番が来たので、スポドリを二本購入。経口補水液は優輝さんの勧めでキャリーバッグに二本忍ばせてあるけれど、これはいざというときに取っておきたい。
白部さん、まりあさんも買い終わり、バスのりばへ。
いやー、もう完全に、コミットのお客さんだなって、わかる人一色! 壮観だなー。なんとなく、記念にパシャリ。
バスに乗車することができ、ゆらり揺られて会場へ! 乗客で、外が見えないなあ……。下車すると、漫画でおなじみの、あの二つの逆三角の形状が! 東京ギガサイトだ!

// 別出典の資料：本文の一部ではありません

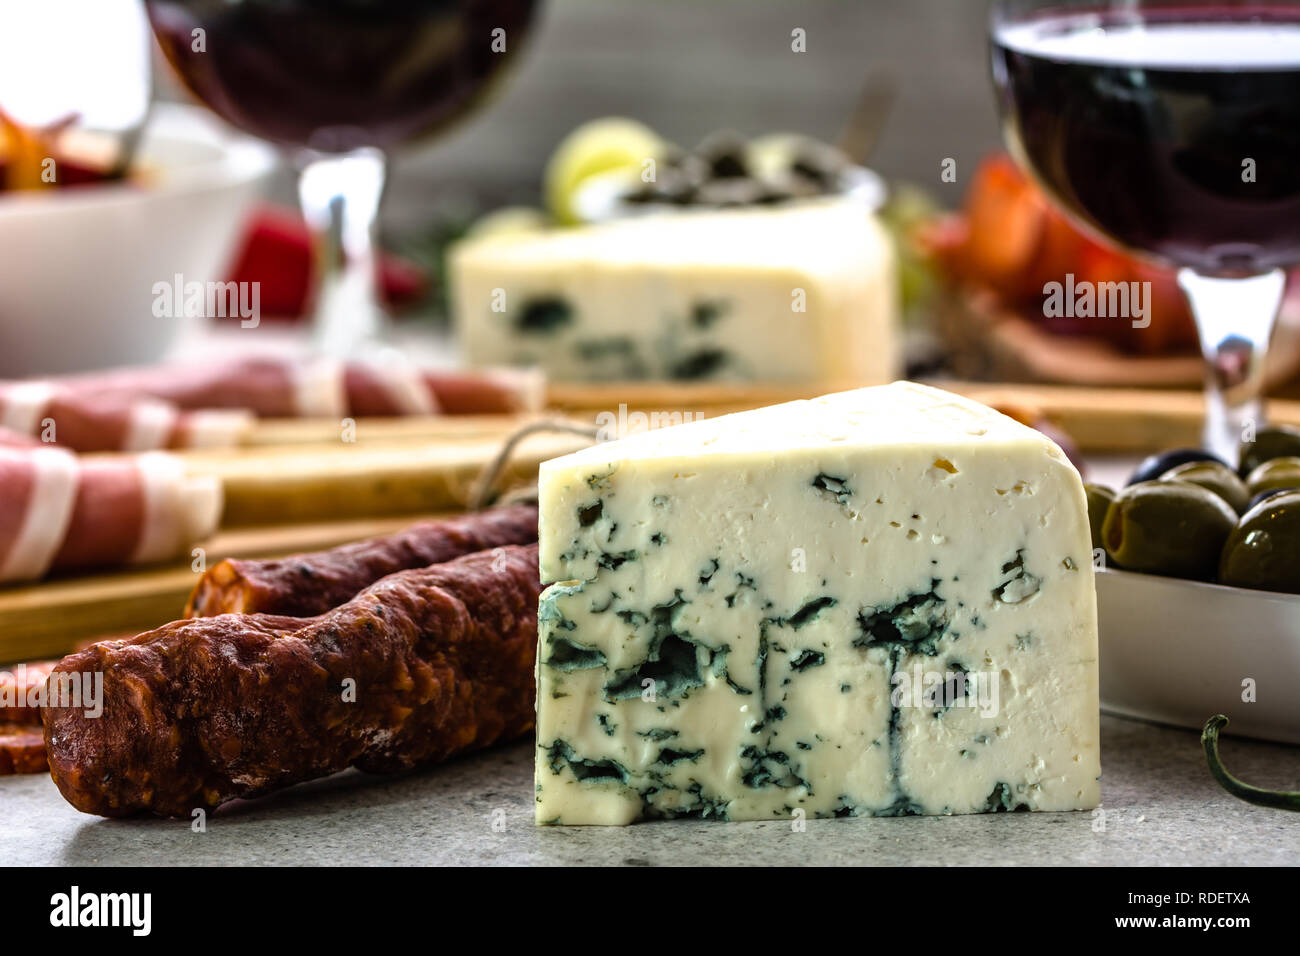 Blue Käse, Wein, Snacks, italienische Antipasti, die Auswahl an Speisen am Tisch Stockfoto

優輝さんに到着を知らせるべく、スマホで電話をかける。
「はーい」
「今、着きましたー」
「お疲れ様です。サークル用出入り口に、さつきを向かわせます」
というわけで、スマホのWebカタログを頼りに、サークル用の出入り口へ。
出入り口前で、とんでもない数の大集団を横に見る。地図によると、一般参加者用入り口。優輝さんが、サークル枠で入れてくださらなかったら、あの中で待つハメになってたのか……。
「ここで、待ってればいいんでしょうか?」
「と、思いますけど」
不安そうなまりあさんに答える。なにしろ、まるで勝手がわからないものだから、彼女同様、不安な気持ちでさつきさんを待つのみ。
「おーい! こっちっすー!」
さつきさん! 見覚えのある姿に、一同ほっと胸をなでおろす。
「おはようございますっす。じゃあ、さっそく中に入りましょうっすか」
ご挨拶返しをすると、さつきさんが先導し、係員さんにチケットを見せて私たちを中に招く。
「これがコミットかあ~……」
いやもう、人人人人人人! さらに人!
「すごいですね……」
「でしょう? でも、一般の入口が開いたら、こんなもんじゃ済まないっすよ。もう、魔境っす」
さつきさんに所感を漏らすと、なにやらすごいことを言い出す。そうよね。さっきの大集団が、なだれ込んでくるのよね……。
「着いたっす。ここが、自分らの島っす」
たしかに、長机に囲まれて島っぽい雰囲気のエリアで、残りのお三方とミケちゃんから、「おはよーございます」とお声がけいただく。こちらも、ご挨拶返し。
「どうですか、今の心境は?」
ふふと、優輝さんが問いかけてくる。
「いやー、すでに緊張してますよ」
「あはは。わかります。あたしらも初心の頃は、そんな感じでした」
朗らかに笑う彼女。みなさん、荷物を開けて並べているところらしい。
「ええと、サークルとして参加させていただいたわけですけど、私たちは何をすればいいですか?」
「ああ、入場をスムーズにするための方便なので、普通に楽しんでください。あたしらは、基本ここを離れられませんから、案内はできないですけど」
「ありがとうございます。ではさっそくですけど、ゲームを売っていただけますか?」
お財布を取り出す。
「ありがとうございます! 四千円になります~」
「わたしも、せっかくだし買ってみましょうか」
「まりあさんも、ありがとうございますー!」
逡巡しているのが、白部さん。
「それ、『ラック』で動きますか?」
ラックというのは、最大シェアを誇るOS『ウィンズ』の、対抗馬ともいうべきOS。
「あー、すみません。ラックはちょっと、対応してないですね」
「そうですか。売上に、ご協力したかったのですけど」
「お気持ち、ありがたく受け取っておきます」
ぺこりとお辞儀する優輝さん。
「ミケちゃんも、お手伝いするの?」
「そーよ。このプラカード持って、呼び込み」
猫耳幼女の呼び込み! こういうところに来る人たちには、すごく刺さりそうね! アメリたちも、注目の的だったし。
「もうすぐ、一般開放だね。作業急ごう」
「おー!」と、作業スピードをアップさせる、かくてるの皆さん。
もうすぐ開幕かー。ドキドキするな~。